The file hierarchy is:
~/test_ambient_rna_removal
├── cellbender
├── all_cellbender.pdf # Plots generated by CellBender
├── all.log
├── cellbender_QC.pdf # QC plots
├── cellbender_rmRate.csv # Metrics related to the final cell number, and cell removal rates
├── h5/ # Directory for all output h5 files with ambient RNA removed
├── Data1.cellbender_cell_barcodes.csv
├── Data1.cellbender_filtered.h5
├── Data1.cellbender_filtered_qc.csv
├── Data1.cellbender.h5
├── Data1.cellbender.log
├── Data1.cellbender.pdf
├── ...
├── sc20230317_0 # File directory prepared for running scAnalyzer
├── config.yml
├── DEGinfo.csv
└── sampleMeta.csv # In this file, 'h5path' points to all new h5 files
├── Data1.raw_feature_bc_matrix.h5
├── Data2.raw_feature_bc_matrix.h5
└── sampleMeta_raw.csv
11.2 scDEG
scDEG is a standalone pipeline to run the differential expression (DE) analysis independently if you alreadly have integrated scRNA-seq data in h5ad format.
scDEG uses the same methods as in the scRNASequest pipeline to run DE analysis. It just provides a flexible way to apply the same analysis outside the pipeline.
11.2.1 Initialize scDEG
scDEG requires three files:
- UMI: Gene counts matrix, can be in rds or h5ad format.

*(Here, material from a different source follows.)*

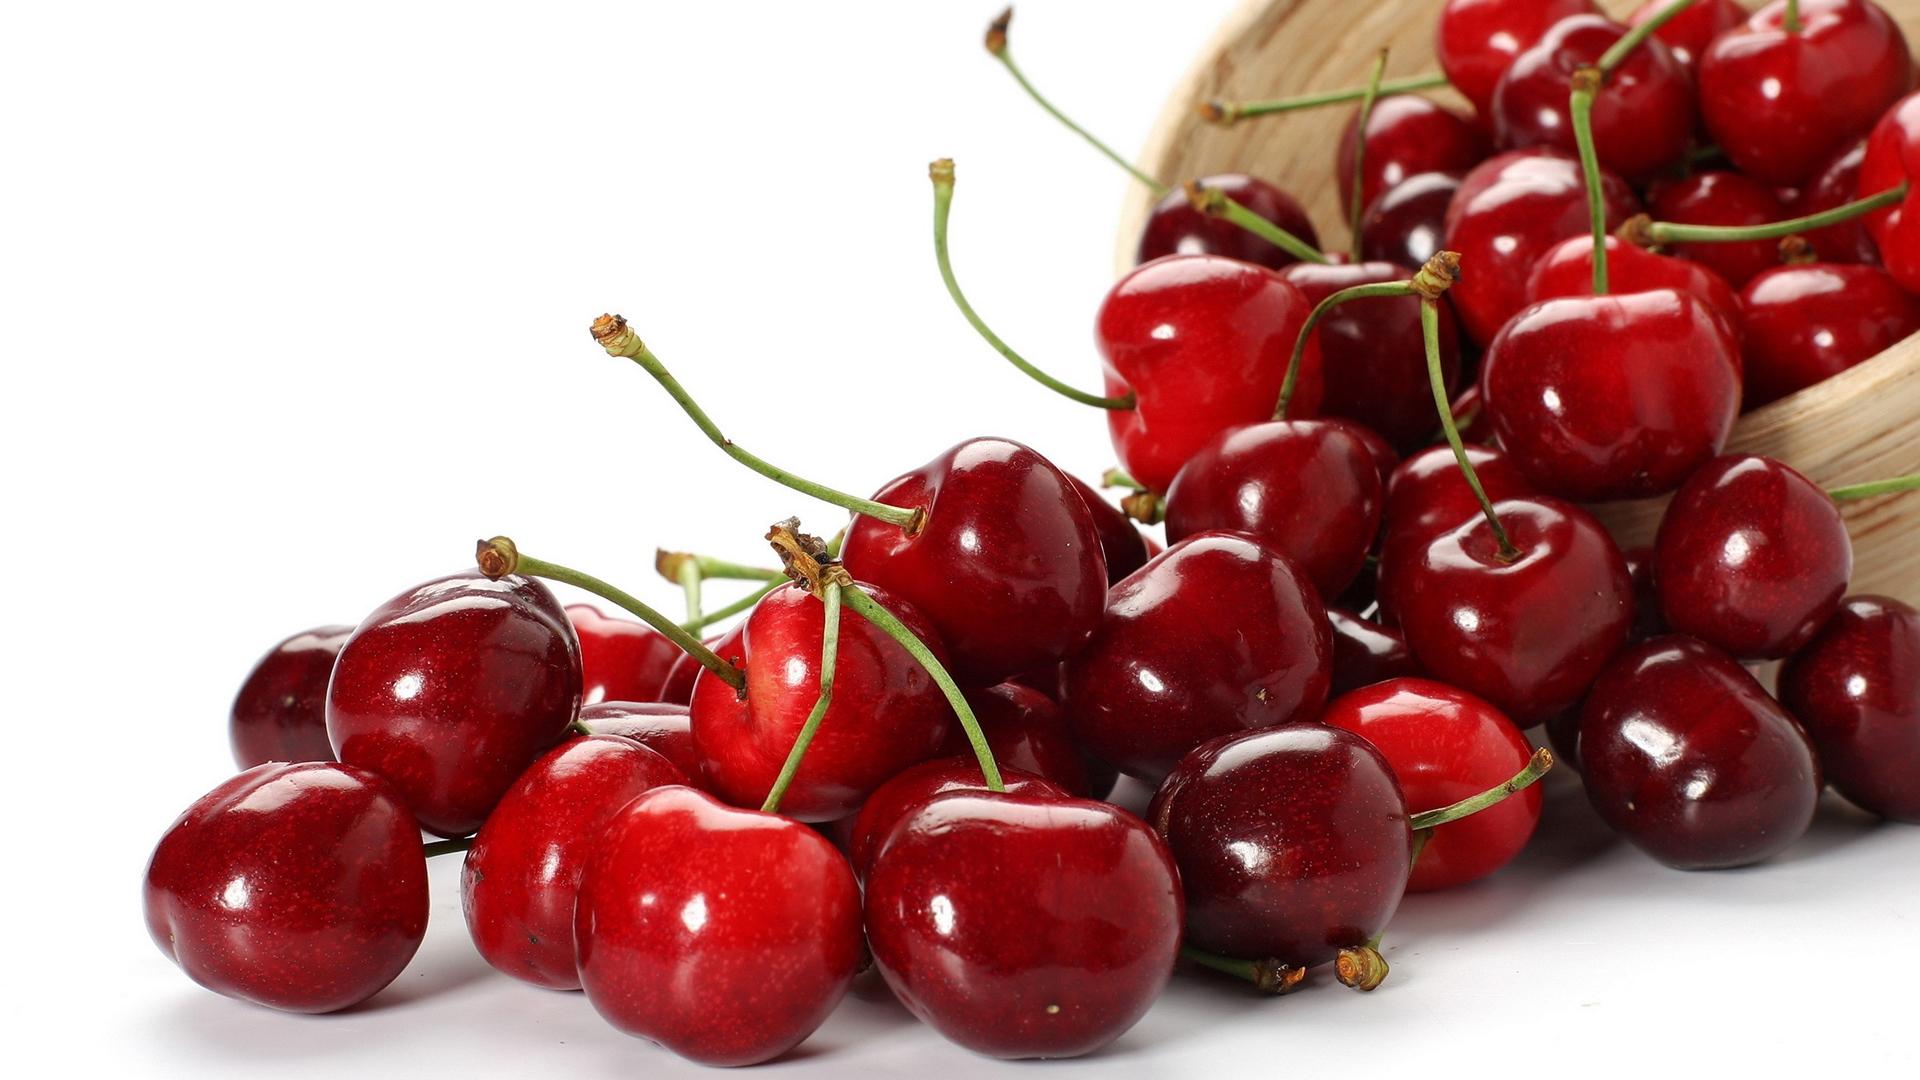 vi-sao-nguoi-bi-gout-nen-an-cherry-1.jpg
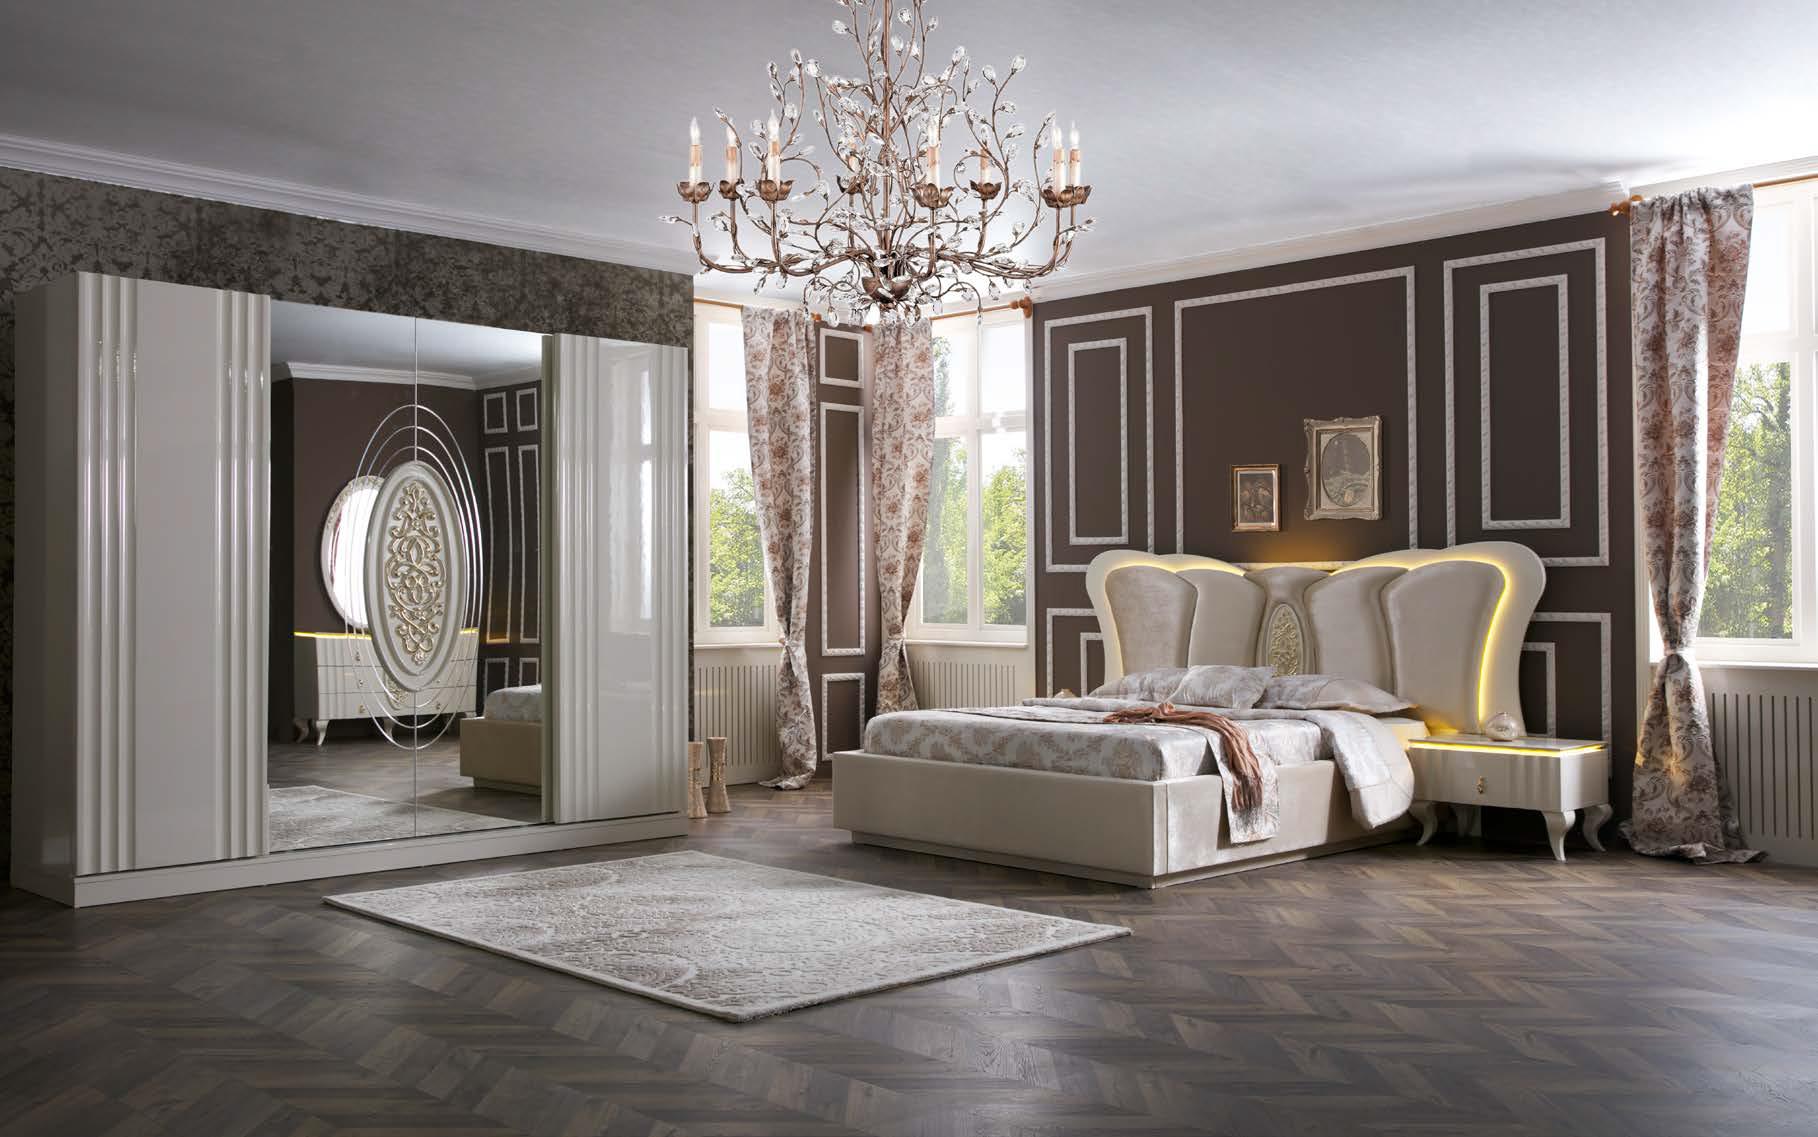 santos schlafzimmer yuvam m belhaus in wuppertal cilek. Black Bedroom Furniture Sets. Home Design Ideas

- Meta: cell type annotation and related meta information for DE analysis, in h5ad format. If you have this information in your h5ad matrix already, you can provide the same file twice (as UMI and meta file).
- config.yml: file storing the above UMI file path and meta data path, as well as the output file path.
By running the scDEG without providing any parameters, we can see the manual page of the script:
$ scDEG
scDEG /path/to/a/folder === or === scDEG /path/to/a/config/file
An empty config file will be generated automatically when a folder is provided
Powered by the Research Data Sciences Group [zhengyu.ouyang@biogen.com;yuhenry.sun@biogen.com]
------------
Then providing a directory to scDEG, and it will generate a template config file:
$ scDEG /path/to/a/folder
#Example:
scDEG ~/DEG_results
Template configuration file:
UMI: /path/to/Prefix.h5ad #required, can be a matrix rds or a h5ad file
meta: /path/to/Prefix.h5ad #required, can be a cell annotation data.frame rds or a h5ad file
output: /path/to/output/directory
DBname: cellxgeneVIP
parallel: slurm # False or "sge" or "slurm"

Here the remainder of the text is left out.